START Exercise data

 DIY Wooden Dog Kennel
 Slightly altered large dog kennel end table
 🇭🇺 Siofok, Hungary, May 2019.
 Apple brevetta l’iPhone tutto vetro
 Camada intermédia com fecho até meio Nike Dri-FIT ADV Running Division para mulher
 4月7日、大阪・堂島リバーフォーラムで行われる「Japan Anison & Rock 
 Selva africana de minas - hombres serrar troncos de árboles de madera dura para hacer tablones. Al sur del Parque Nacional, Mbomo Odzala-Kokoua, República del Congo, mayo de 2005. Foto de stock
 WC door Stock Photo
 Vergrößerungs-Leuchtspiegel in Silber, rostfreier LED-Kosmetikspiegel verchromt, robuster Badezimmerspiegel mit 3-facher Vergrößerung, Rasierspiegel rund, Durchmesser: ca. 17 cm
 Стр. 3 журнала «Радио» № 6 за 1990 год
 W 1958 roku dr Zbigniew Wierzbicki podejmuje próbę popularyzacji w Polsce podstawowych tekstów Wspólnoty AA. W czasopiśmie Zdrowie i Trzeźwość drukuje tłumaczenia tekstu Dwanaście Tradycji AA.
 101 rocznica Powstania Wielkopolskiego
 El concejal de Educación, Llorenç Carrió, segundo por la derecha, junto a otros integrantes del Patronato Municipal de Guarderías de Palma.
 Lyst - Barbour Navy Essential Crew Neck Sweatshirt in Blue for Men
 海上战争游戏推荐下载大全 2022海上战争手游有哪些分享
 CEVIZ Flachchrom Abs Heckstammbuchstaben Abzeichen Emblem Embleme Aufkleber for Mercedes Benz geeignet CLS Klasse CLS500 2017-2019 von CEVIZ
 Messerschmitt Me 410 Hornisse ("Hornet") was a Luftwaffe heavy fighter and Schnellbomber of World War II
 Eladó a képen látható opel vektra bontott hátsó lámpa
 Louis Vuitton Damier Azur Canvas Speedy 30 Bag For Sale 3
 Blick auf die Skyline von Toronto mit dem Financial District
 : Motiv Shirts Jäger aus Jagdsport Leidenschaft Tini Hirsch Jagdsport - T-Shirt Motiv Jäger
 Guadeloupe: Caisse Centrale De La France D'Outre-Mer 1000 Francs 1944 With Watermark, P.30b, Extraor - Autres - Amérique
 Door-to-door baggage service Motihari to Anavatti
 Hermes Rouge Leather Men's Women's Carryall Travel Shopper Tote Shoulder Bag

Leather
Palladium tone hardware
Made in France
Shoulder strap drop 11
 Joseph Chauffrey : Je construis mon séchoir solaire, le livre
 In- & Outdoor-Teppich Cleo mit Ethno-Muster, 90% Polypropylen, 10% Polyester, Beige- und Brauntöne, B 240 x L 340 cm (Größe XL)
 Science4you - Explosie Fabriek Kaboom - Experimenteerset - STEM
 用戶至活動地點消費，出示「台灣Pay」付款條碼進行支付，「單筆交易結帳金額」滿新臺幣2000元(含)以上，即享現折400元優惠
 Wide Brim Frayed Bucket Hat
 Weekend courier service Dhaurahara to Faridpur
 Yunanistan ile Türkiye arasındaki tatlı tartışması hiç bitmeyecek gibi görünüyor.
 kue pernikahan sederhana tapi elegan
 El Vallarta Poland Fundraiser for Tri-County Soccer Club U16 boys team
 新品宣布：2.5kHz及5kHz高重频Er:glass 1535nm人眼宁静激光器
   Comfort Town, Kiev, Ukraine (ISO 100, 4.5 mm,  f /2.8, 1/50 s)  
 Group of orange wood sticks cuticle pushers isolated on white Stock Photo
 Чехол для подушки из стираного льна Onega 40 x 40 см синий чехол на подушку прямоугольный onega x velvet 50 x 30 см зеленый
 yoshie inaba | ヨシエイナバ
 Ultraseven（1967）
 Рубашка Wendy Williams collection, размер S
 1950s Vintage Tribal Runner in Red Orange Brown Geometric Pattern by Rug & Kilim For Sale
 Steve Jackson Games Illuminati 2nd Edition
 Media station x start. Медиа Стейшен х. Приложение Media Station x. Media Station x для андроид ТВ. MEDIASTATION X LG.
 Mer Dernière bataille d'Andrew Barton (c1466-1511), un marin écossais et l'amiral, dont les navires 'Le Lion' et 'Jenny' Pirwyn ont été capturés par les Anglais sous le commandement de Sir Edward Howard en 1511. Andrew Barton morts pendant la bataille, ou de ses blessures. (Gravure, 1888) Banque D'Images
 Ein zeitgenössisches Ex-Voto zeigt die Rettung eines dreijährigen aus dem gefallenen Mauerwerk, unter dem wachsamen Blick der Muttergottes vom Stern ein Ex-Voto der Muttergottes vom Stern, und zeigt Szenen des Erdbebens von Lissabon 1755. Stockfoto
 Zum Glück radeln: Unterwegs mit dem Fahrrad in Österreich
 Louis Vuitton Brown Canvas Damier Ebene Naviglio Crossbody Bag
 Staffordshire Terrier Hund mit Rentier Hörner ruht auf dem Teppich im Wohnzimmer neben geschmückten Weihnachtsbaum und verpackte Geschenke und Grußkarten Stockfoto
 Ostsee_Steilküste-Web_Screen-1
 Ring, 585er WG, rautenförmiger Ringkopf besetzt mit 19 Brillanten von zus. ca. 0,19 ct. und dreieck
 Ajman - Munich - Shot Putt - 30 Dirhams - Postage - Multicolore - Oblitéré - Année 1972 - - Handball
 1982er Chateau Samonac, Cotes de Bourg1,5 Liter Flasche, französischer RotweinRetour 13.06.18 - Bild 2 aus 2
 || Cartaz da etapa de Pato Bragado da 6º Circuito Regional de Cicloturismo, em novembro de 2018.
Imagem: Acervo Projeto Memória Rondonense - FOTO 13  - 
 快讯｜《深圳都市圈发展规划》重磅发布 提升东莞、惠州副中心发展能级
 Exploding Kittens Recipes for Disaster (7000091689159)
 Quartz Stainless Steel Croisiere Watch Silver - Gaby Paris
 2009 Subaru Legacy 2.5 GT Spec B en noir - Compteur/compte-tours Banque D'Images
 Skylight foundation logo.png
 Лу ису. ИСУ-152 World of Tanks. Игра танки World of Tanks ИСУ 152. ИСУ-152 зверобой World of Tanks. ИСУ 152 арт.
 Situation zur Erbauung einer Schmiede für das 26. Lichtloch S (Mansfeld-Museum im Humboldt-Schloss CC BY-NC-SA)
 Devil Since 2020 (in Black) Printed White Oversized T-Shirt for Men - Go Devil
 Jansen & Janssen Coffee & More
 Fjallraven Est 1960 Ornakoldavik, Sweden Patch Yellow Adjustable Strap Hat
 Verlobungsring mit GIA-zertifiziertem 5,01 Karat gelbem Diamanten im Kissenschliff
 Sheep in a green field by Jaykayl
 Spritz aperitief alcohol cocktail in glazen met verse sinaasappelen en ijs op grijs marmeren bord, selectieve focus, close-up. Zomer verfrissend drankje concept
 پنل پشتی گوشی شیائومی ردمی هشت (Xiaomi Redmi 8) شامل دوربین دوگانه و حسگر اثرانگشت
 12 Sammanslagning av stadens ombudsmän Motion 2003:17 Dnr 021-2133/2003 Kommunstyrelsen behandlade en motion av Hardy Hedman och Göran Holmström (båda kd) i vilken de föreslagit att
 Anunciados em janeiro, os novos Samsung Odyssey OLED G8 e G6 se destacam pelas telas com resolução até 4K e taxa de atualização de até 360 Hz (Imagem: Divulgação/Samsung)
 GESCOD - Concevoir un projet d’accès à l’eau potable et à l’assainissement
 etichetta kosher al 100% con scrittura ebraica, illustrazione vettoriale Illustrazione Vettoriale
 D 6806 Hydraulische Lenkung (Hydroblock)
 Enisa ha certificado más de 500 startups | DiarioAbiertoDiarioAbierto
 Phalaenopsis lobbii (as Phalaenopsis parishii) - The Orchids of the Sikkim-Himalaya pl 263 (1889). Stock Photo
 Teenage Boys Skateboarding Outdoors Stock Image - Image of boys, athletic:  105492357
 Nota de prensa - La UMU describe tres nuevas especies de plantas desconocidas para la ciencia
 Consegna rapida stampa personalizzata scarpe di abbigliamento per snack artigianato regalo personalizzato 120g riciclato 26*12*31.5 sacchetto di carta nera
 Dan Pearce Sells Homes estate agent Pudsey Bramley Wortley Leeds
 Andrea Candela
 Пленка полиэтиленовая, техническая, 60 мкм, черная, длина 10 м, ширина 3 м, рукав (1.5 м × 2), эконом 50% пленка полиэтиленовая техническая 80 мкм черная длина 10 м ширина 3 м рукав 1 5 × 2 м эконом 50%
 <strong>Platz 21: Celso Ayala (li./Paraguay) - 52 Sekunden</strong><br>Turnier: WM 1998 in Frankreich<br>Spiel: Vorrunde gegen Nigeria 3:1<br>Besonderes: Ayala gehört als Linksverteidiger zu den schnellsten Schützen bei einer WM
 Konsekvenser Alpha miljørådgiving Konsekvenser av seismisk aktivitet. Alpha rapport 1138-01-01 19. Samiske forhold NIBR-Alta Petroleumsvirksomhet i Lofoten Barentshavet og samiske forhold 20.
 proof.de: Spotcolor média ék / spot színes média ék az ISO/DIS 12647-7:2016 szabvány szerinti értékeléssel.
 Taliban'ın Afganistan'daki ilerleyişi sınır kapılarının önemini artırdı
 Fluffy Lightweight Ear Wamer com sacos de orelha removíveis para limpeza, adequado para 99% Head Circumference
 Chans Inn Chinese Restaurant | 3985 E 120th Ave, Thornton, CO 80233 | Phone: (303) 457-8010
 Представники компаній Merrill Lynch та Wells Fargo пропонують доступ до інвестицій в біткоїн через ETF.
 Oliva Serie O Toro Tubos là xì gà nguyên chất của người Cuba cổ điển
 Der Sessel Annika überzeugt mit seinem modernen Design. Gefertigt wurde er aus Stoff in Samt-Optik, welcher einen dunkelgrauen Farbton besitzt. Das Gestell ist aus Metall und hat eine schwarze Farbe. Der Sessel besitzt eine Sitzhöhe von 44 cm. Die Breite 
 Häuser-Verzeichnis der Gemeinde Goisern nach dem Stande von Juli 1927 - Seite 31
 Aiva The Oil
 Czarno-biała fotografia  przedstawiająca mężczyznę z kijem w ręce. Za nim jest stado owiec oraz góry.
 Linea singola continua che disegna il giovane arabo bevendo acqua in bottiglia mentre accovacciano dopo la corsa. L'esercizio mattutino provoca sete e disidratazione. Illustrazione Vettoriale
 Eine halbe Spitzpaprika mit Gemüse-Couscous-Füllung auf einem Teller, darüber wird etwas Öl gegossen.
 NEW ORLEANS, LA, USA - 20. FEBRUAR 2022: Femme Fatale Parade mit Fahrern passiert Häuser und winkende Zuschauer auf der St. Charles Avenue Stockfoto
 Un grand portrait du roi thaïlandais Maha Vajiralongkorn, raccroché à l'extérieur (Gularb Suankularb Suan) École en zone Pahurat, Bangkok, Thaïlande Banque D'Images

END Exercise data

Exercise:
What is needed is an exact copy of the lines above, from the one containing "Konsekvenser Alpha miljørådgiving" through the one containing "Aiva The Oil", with nothing added.

Answer below:
 Konsekvenser Alpha miljørådgiving Konsekvenser av seismisk aktivitet. Alpha rapport 1138-01-01 19. Samiske forhold NIBR-Alta Petroleumsvirksomhet i Lofoten Barentshavet og samiske forhold 20.
 proof.de: Spotcolor média ék / spot színes média ék az ISO/DIS 12647-7:2016 szabvány szerinti értékeléssel.
 Taliban'ın Afganistan'daki ilerleyişi sınır kapılarının önemini artırdı
 Fluffy Lightweight Ear Wamer com sacos de orelha removíveis para limpeza, adequado para 99% Head Circumference
 Chans Inn Chinese Restaurant | 3985 E 120th Ave, Thornton, CO 80233 | Phone: (303) 457-8010
 Представники компаній Merrill Lynch та Wells Fargo пропонують доступ до інвестицій в біткоїн через ETF.
 Oliva Serie O Toro Tubos là xì gà nguyên chất của người Cuba cổ điển
 Der Sessel Annika überzeugt mit seinem modernen Design. Gefertigt wurde er aus Stoff in Samt-Optik, welcher einen dunkelgrauen Farbton besitzt. Das Gestell ist aus Metall und hat eine schwarze Farbe. Der Sessel besitzt eine Sitzhöhe von 44 cm. Die Breite 
 Häuser-Verzeichnis der Gemeinde Goisern nach dem Stande von Juli 1927 - Seite 31
 Aiva The Oil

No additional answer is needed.